I run this query
select * from USER_EVENTS emit changes limit 1;
USER_EVENTS is a stream.
Before this i set auto.offset.reset
to earliest
.
This query run slowly. I don't know why.
And then i show queries to check consumer id of above query and search it in kafka connect.
And i find out query need fetch all message in topic, although i only need one row.
Is that true, and why it need fetch all ? I think fetch one is enough because i had add limit 1
to query.
Topic behind USER_EVENTS
have ~1 m message.
I use ksqlServer 6.1.0 and the same for ksqlCli.
This is what ksqldb is supposed to do. Consume the entire stream and materialize a table from that. Your query even says
emit changes
which means it will go through your messages one by one and update the table in near real time. LIMIT 1
only means, that it will show a single message (and update that) instead of showing a growing table, but it consumes the stream either way.
The alternative would be
emit final
which would only show the final result, but still go trough the entire stream.

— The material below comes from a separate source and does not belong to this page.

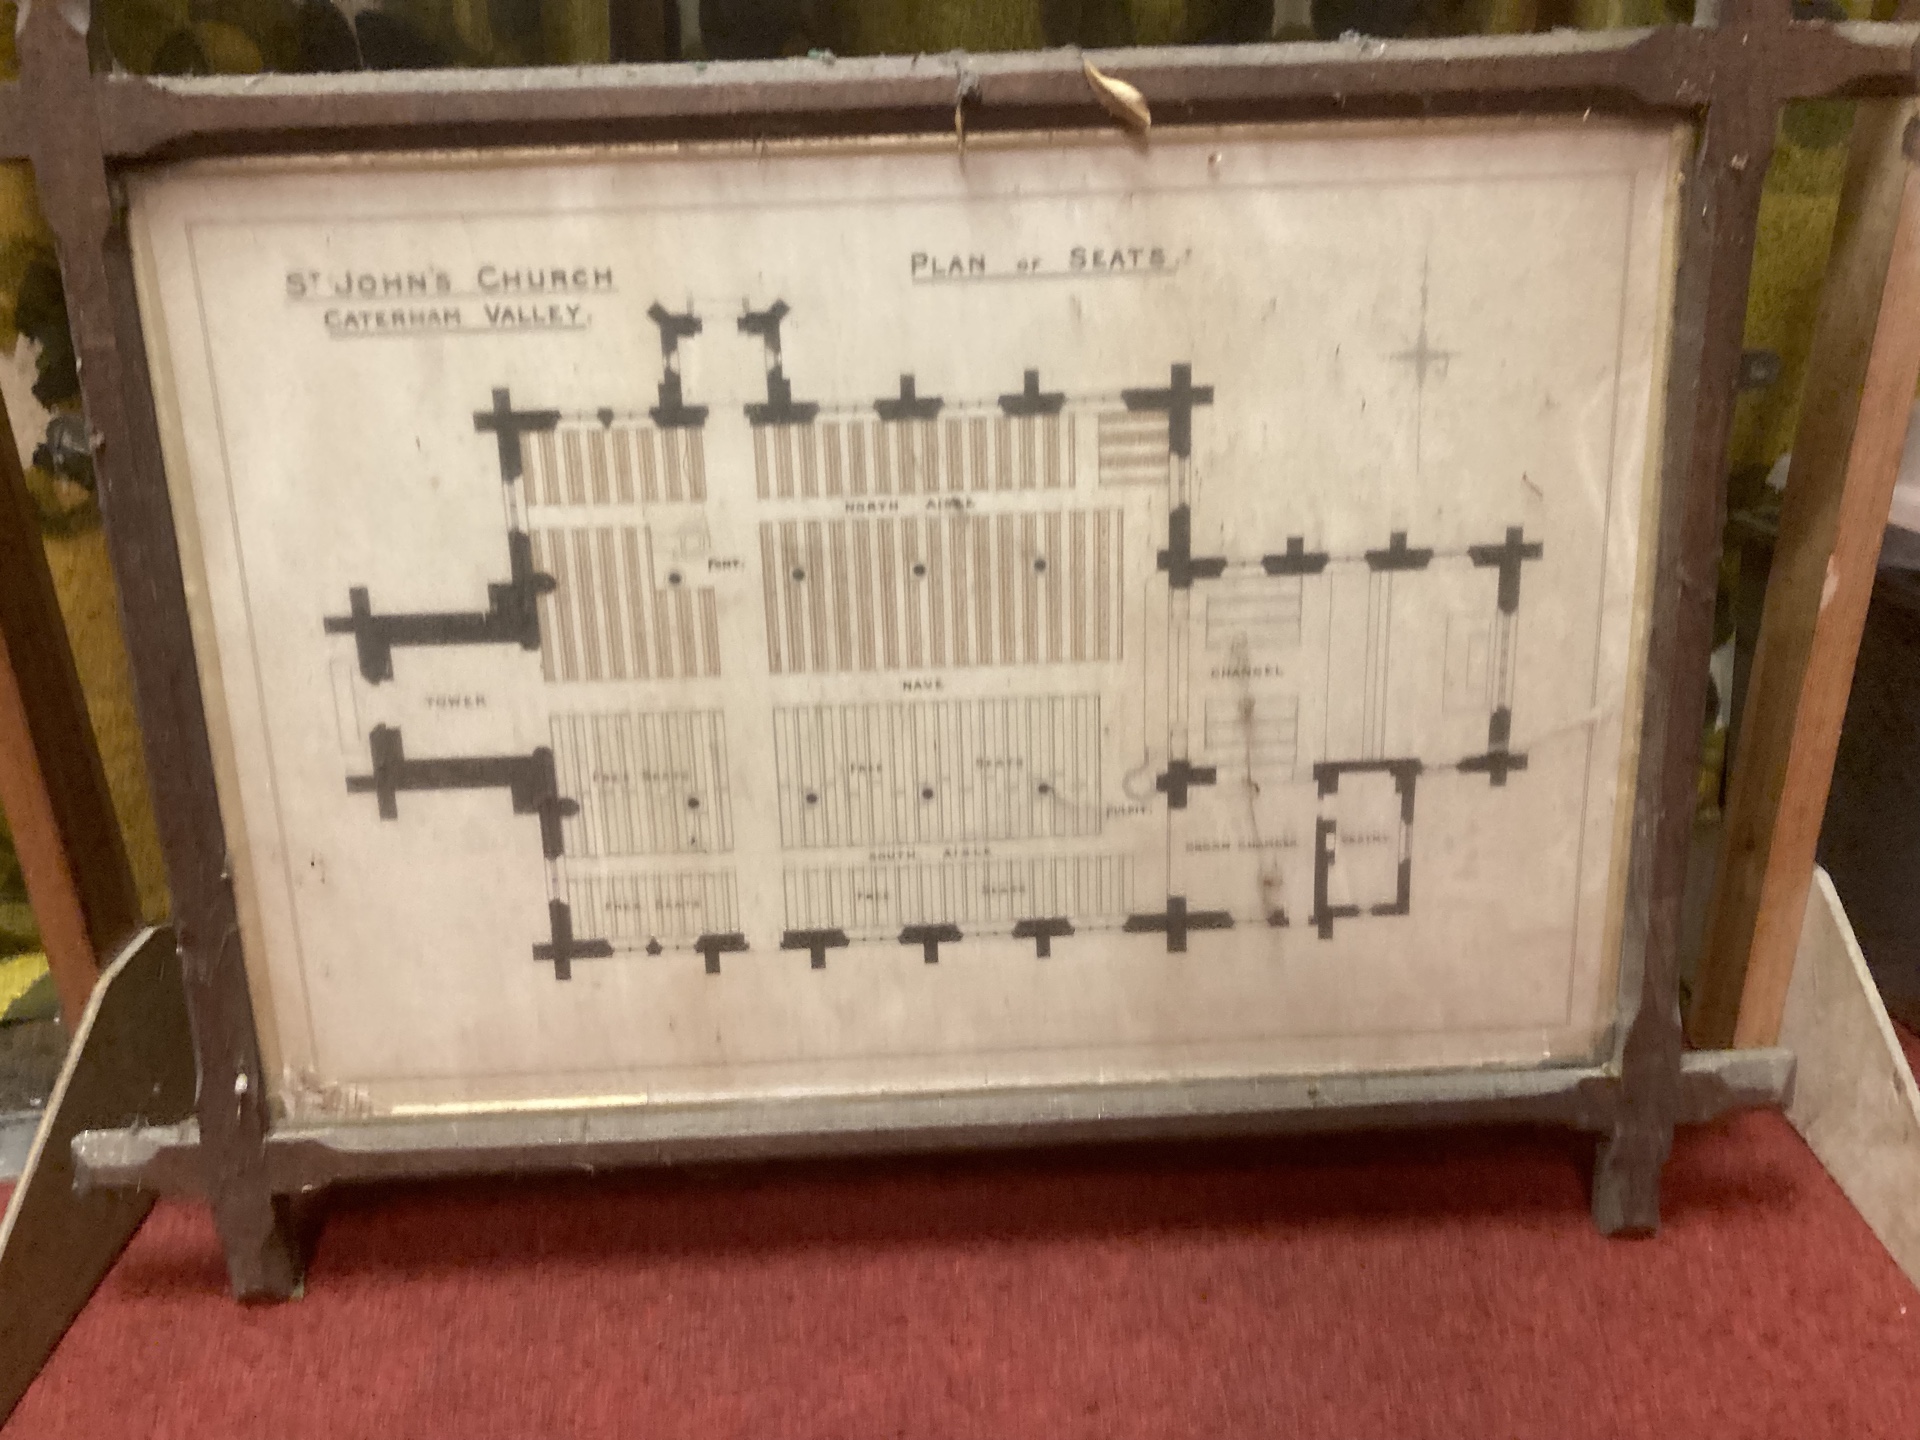 A framed seating plan for St John's, probably from before World War I.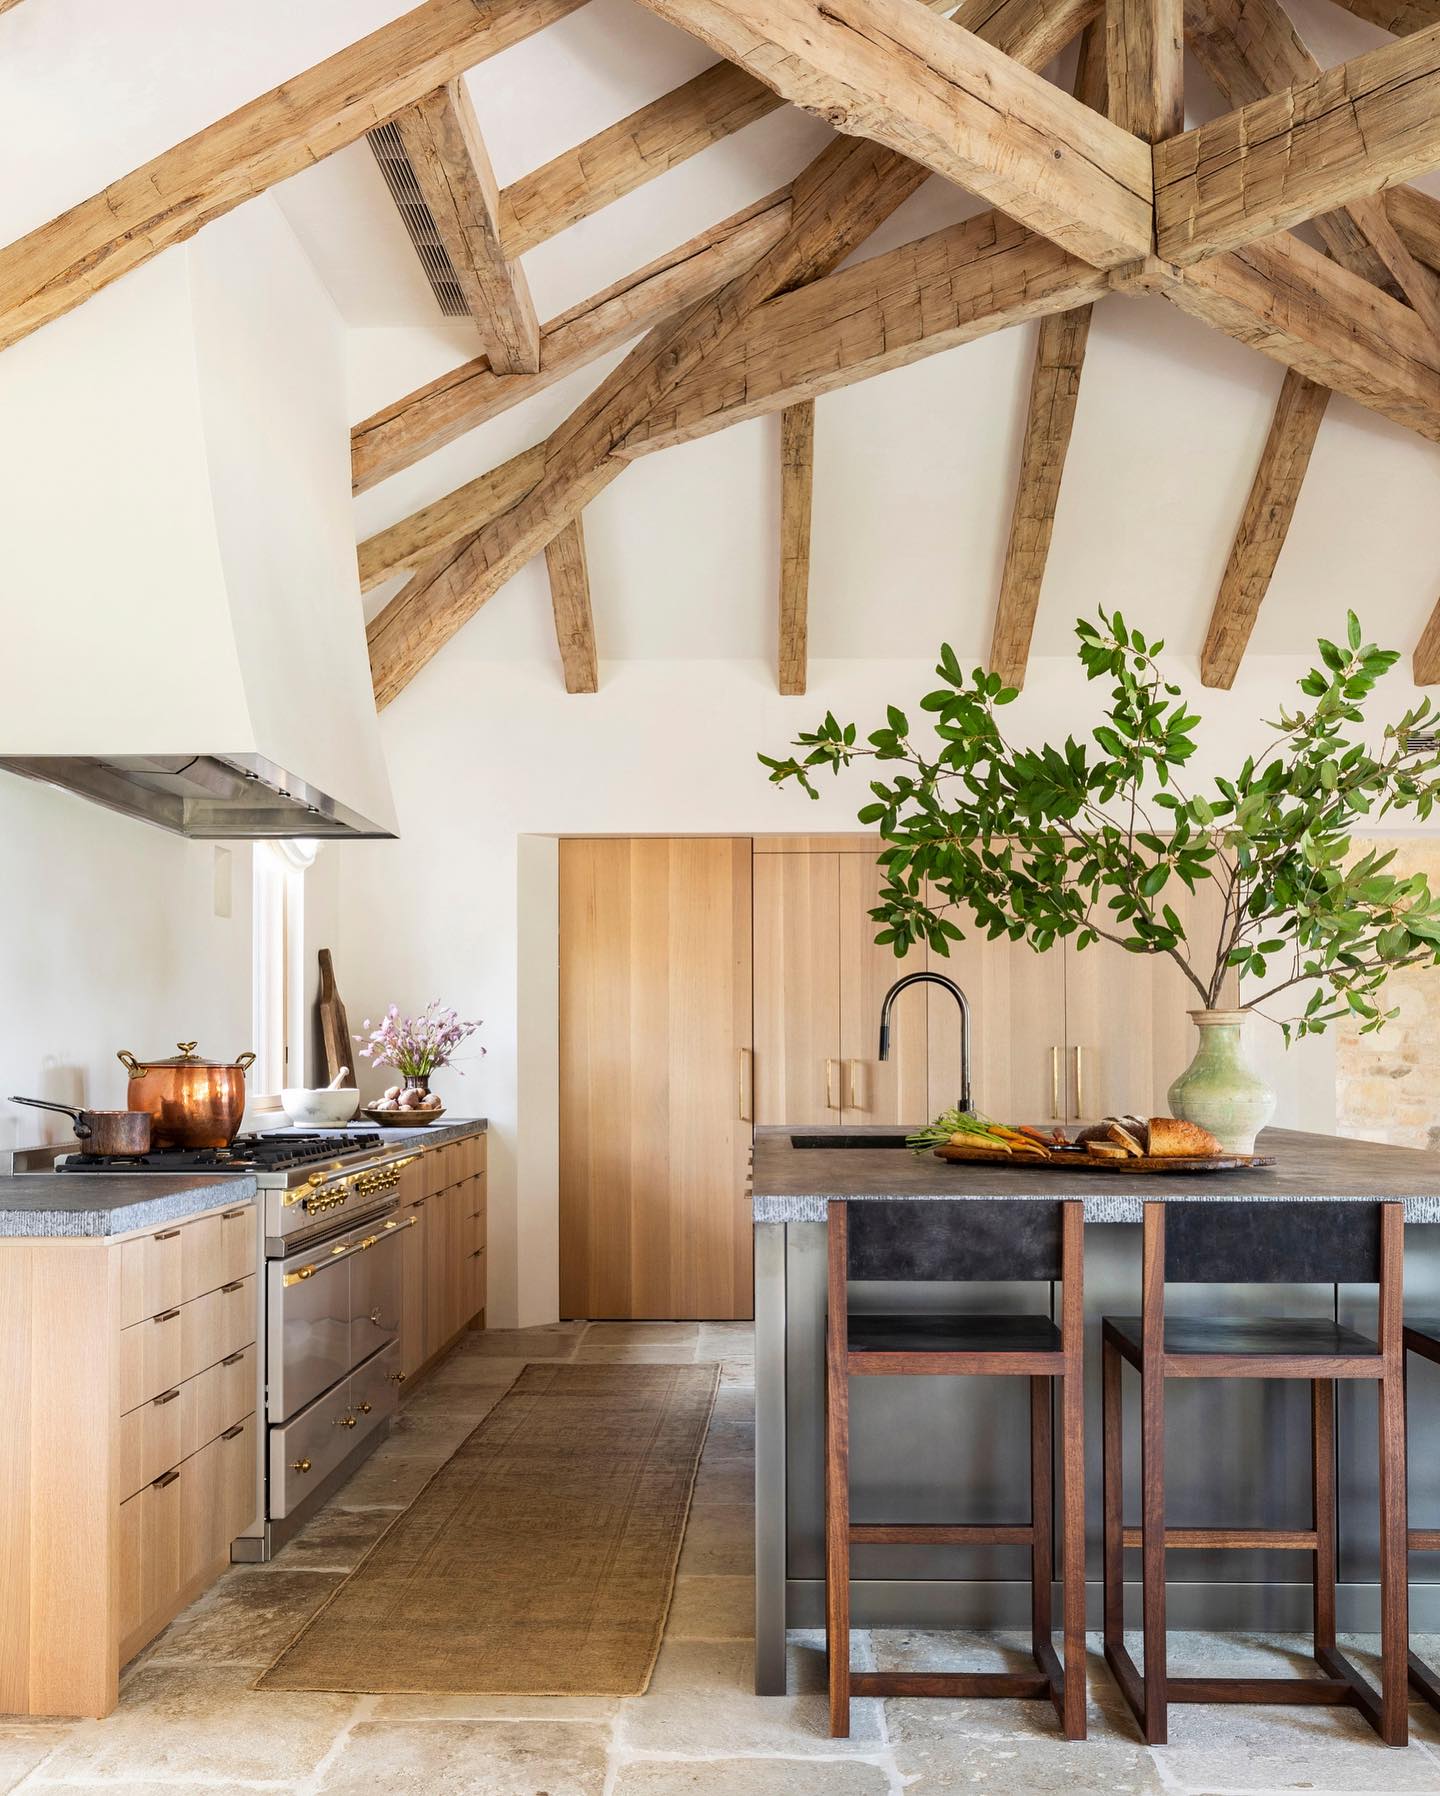 Magnificent architecture and ceiling beams in a bespoke kitchen with design by Marie Flanigan Interiors.

At least to my knowledge, this is not possible with ksqldb.
If you just need to look at one message interactively, I recommend to use a CLI tool like kcat or https://github.com/birdayz/kaf which all have a config option to consume only a single message.
If you need it programmatically, I would probably try to write a consumer by hand and simple call poll()
once instead of the standard poll
loop.
If you want "hacky" quickfix, you could also try to set
SET 'auto.offset.reset'='earliest';
for your query in ksqldb. This will still go through the entire stream, but start with the newest available message. So it would ignore everything that is in the topic.